▸ **Supplied material**

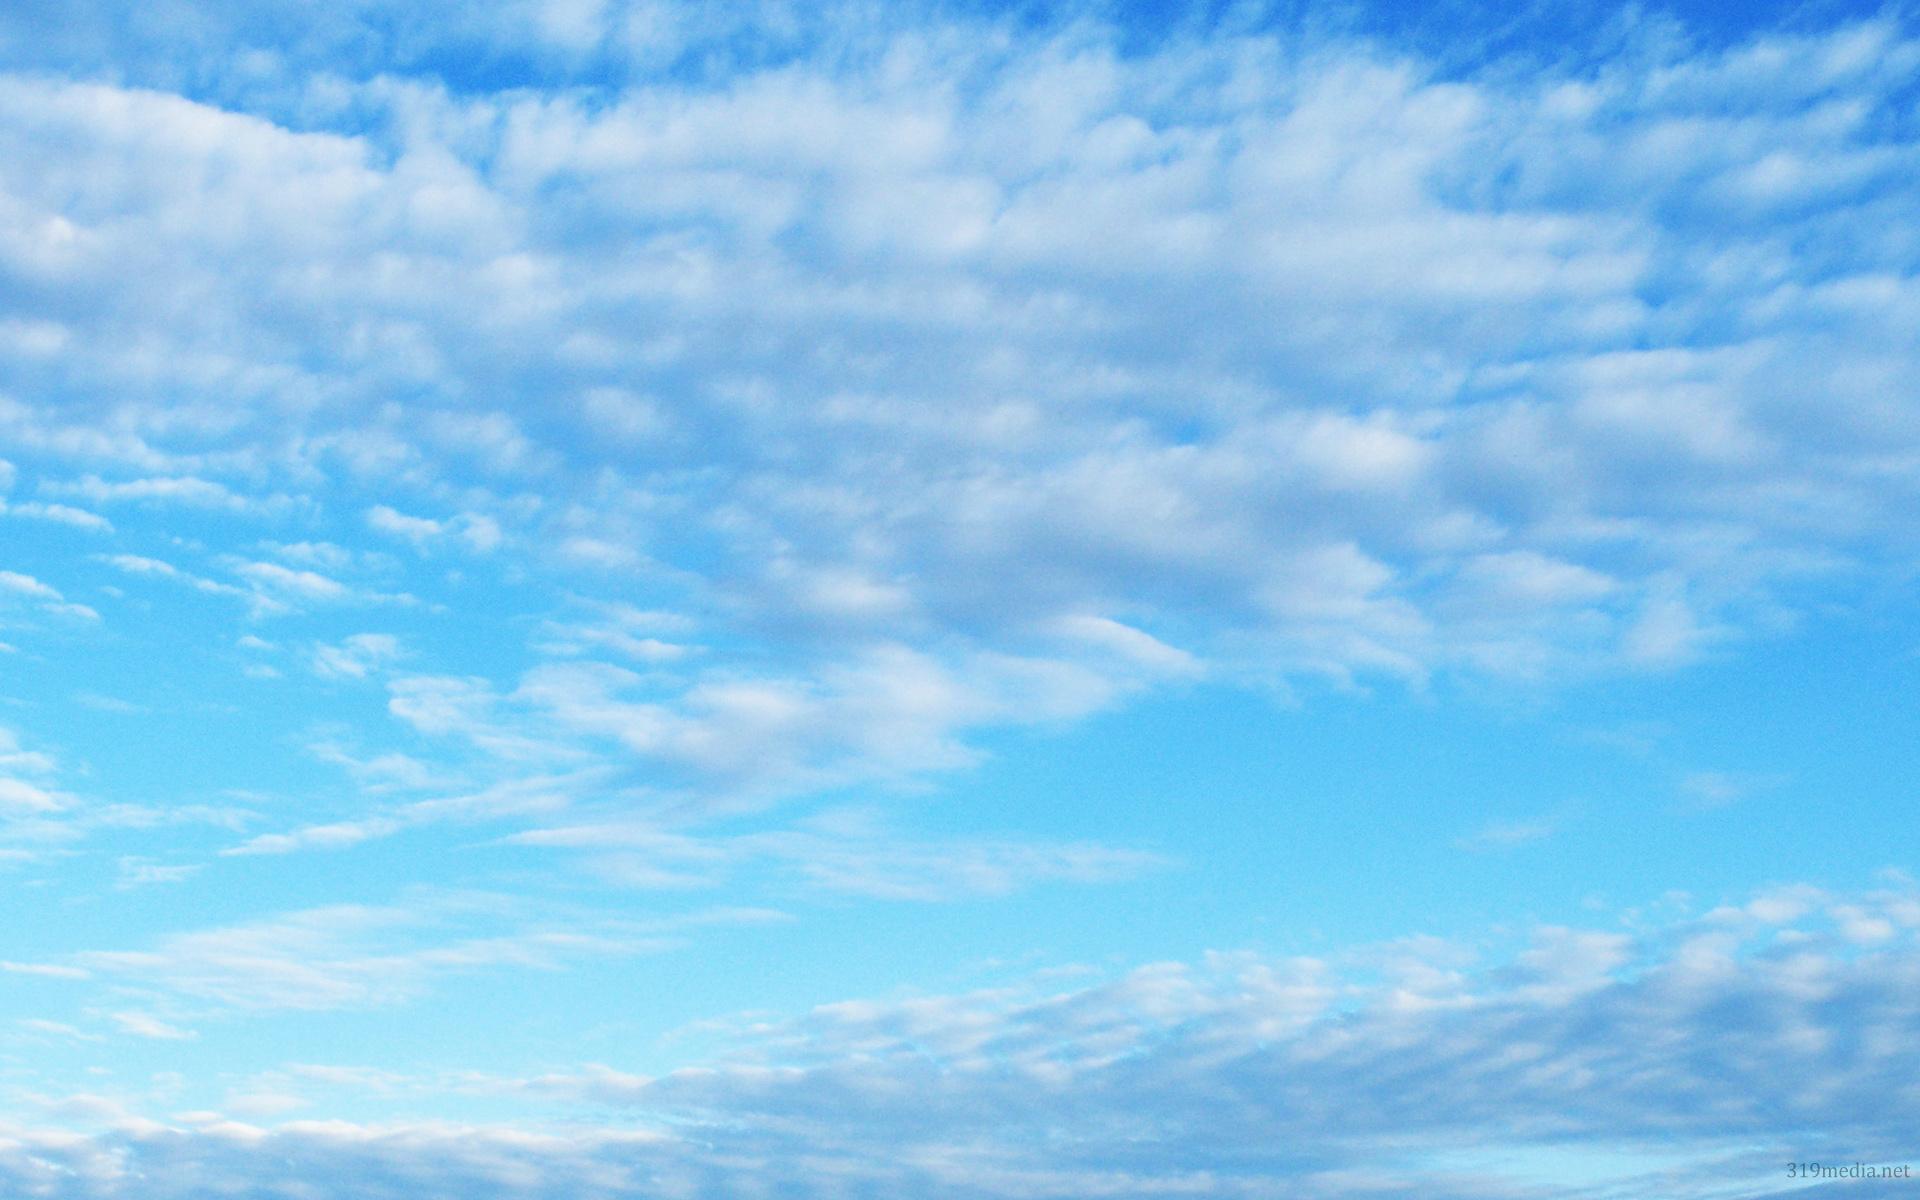 clouds wallpaper hd iphone
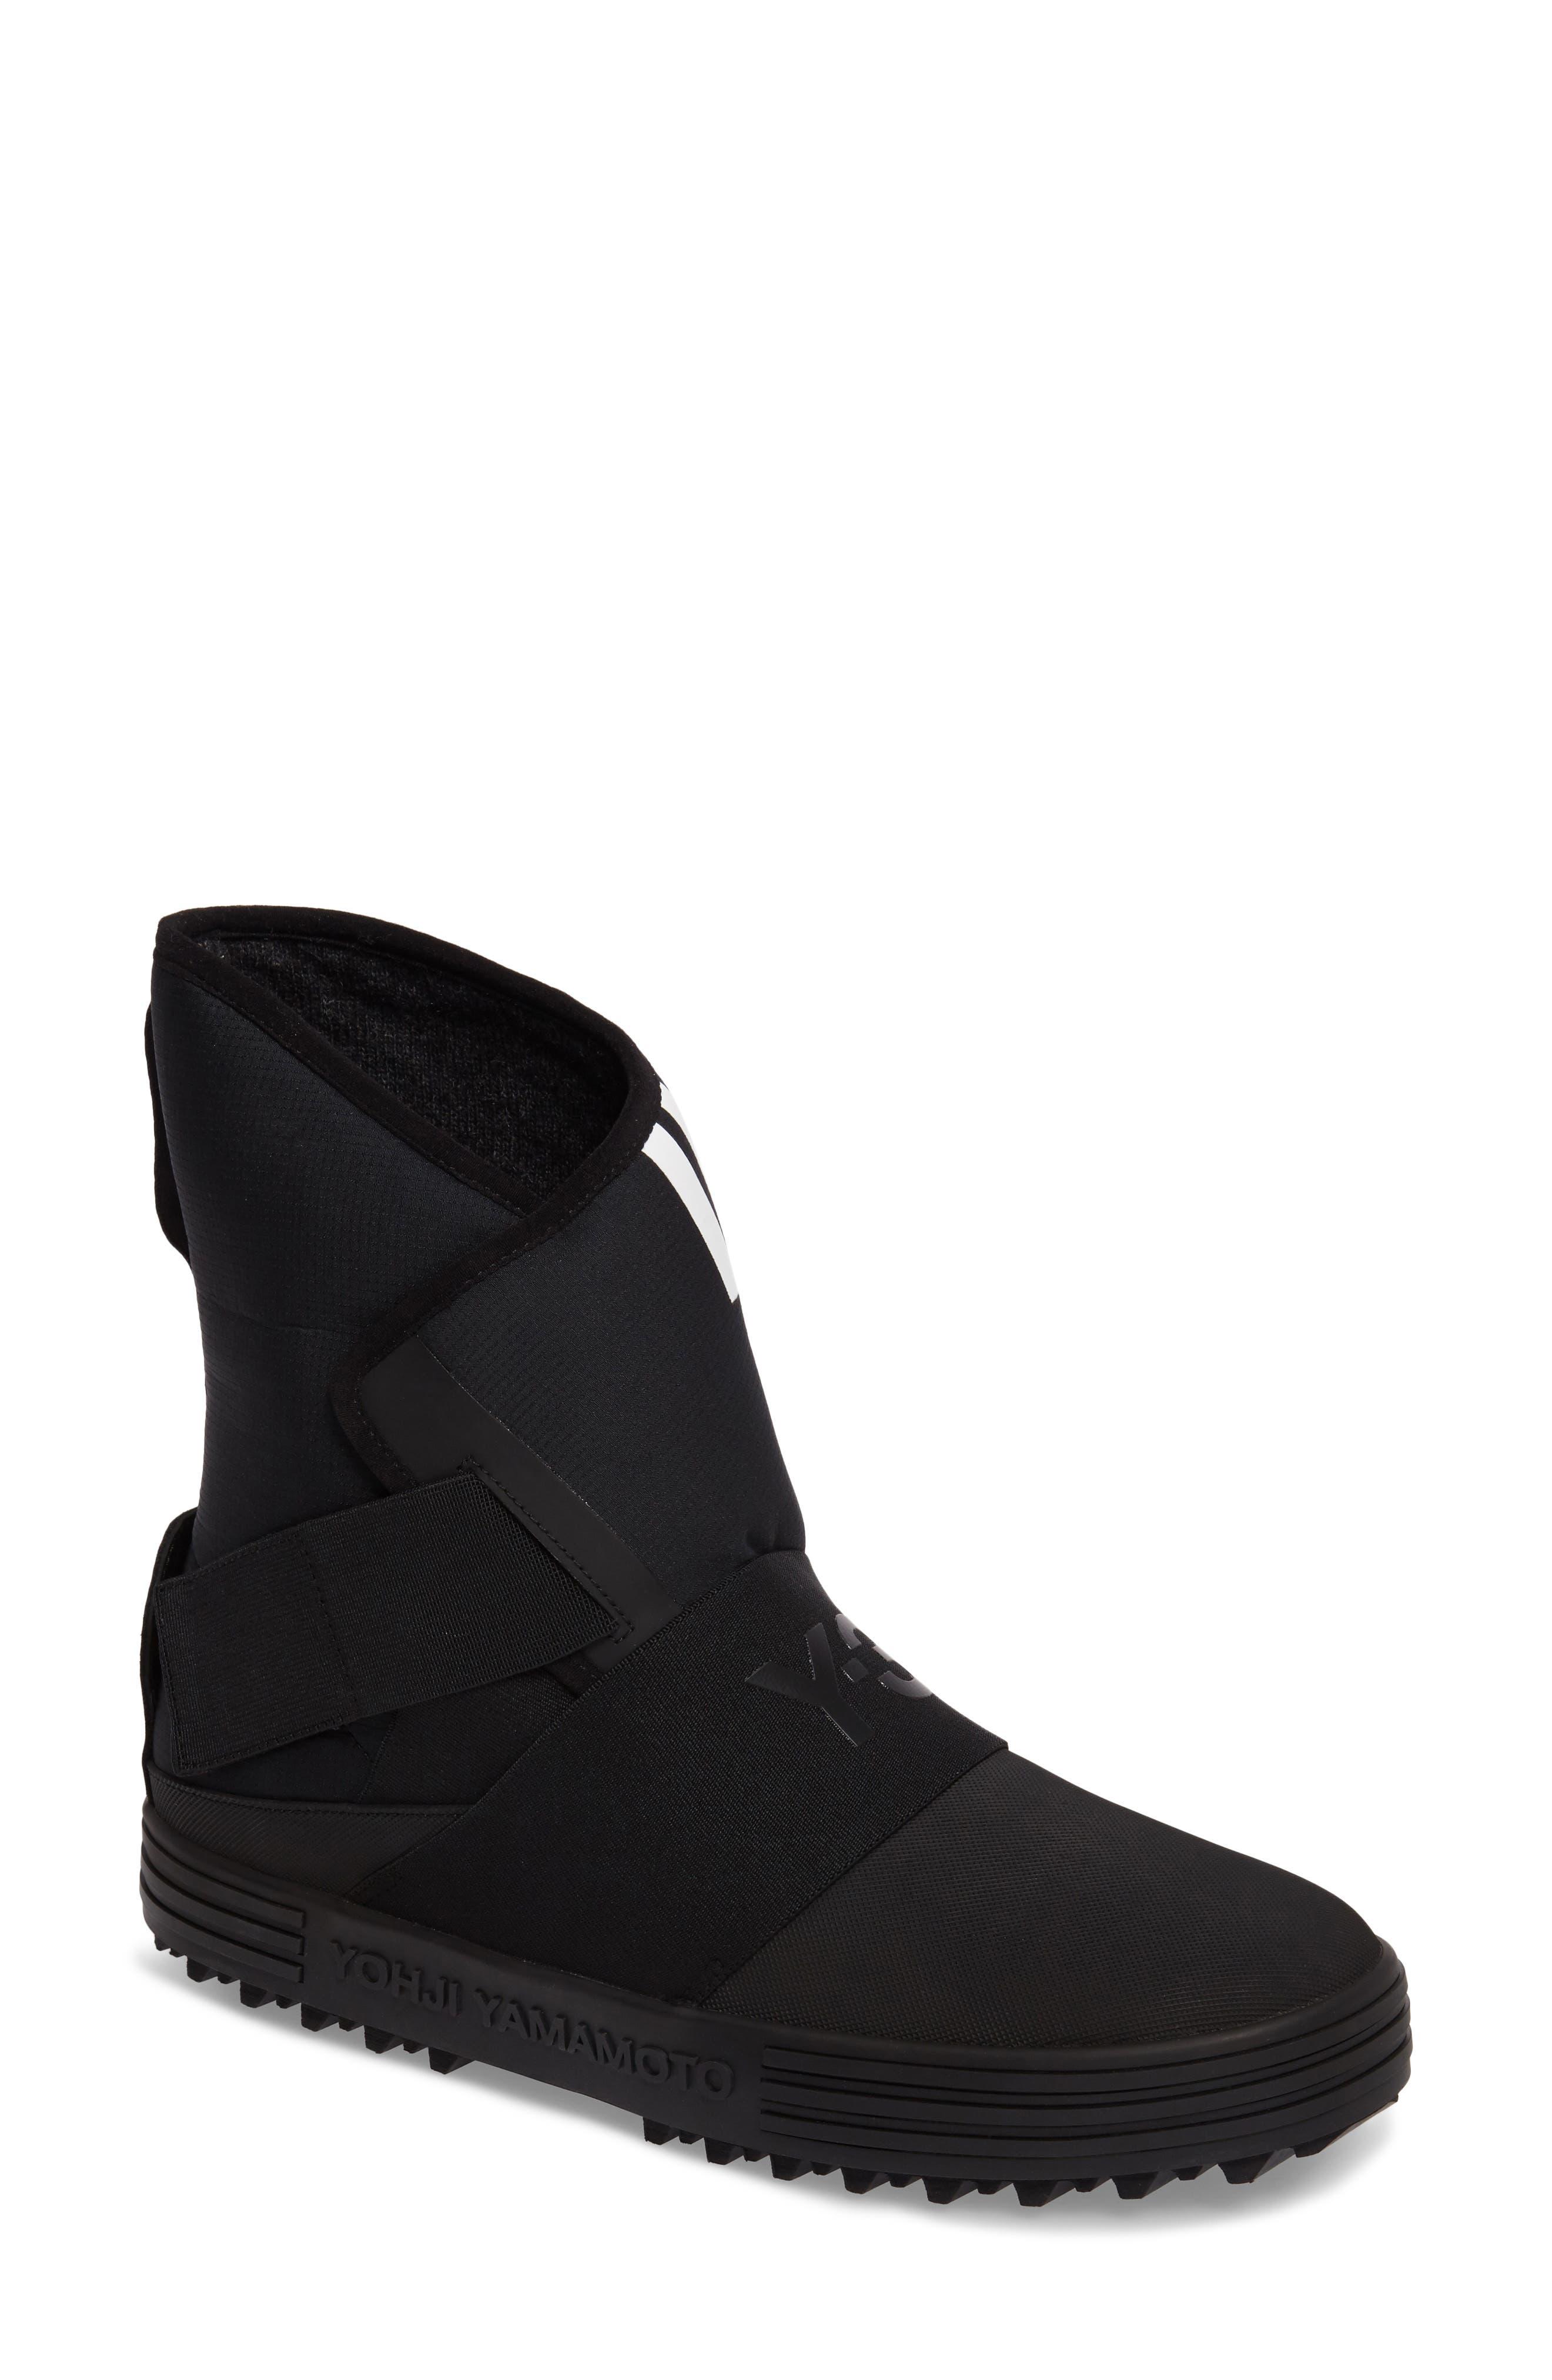 Sno Foxing High Top Sneaker,                             Main thumbnail 1, color,                             001
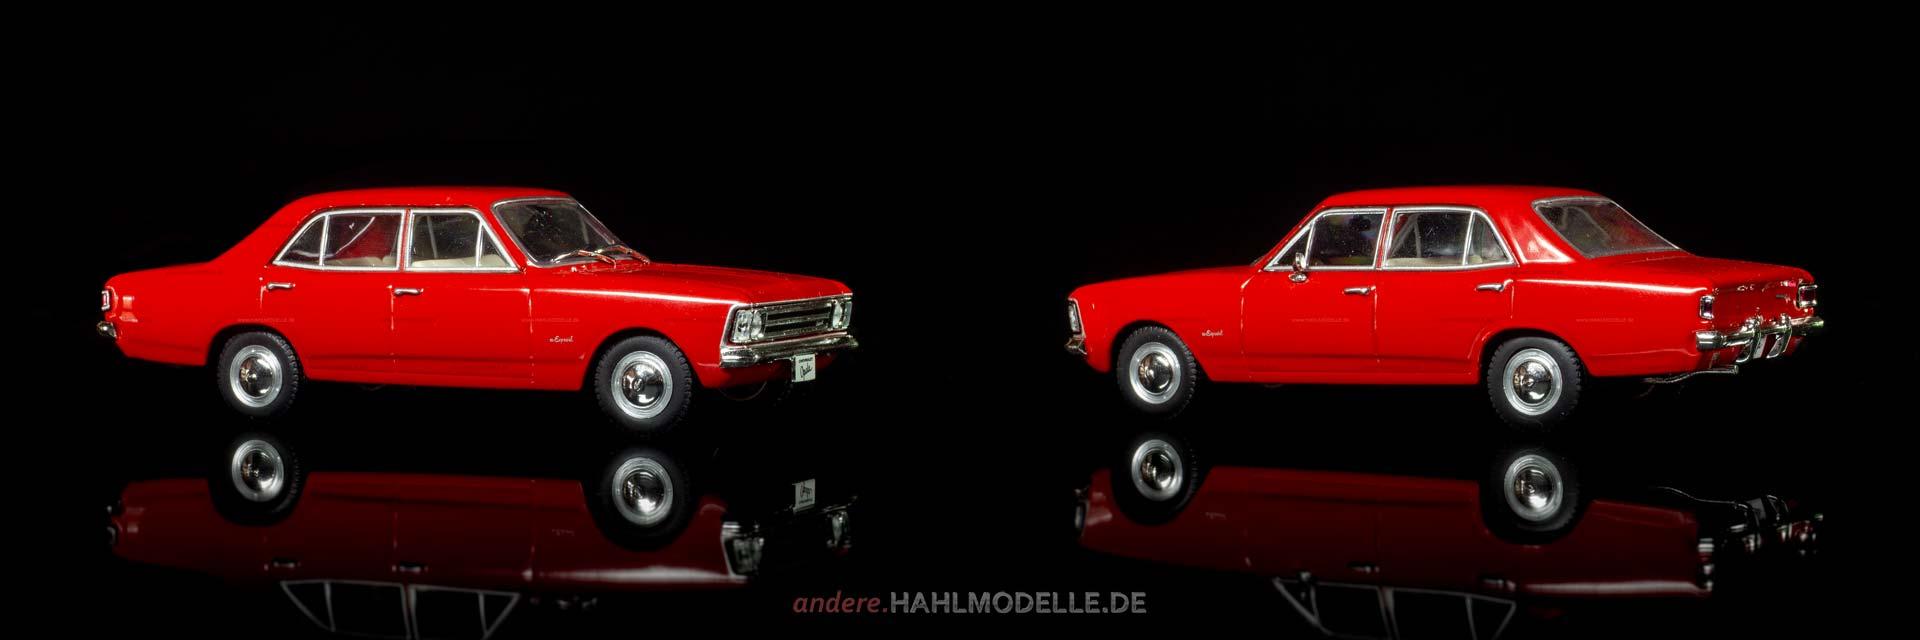 Chevrolet Opala | Limousine | Ixo (Opel Collection von Eaglemoss) | 1:43 | www.andere.hahlmodelle.de

▸ **Exercise details**
Starting at the line that holds "Sno Foxing High", reproduce each line through the last one of the listing, and nothing more; the pictures stay out.

▸ **Answer to this exercise**
 Sno Foxing High Top Sneaker,                             Main thumbnail 1, color,                             001
 Chevrolet Opala | Limousine | Ixo (Opel Collection von Eaglemoss) | 1:43 | www.andere.hahlmodelle.de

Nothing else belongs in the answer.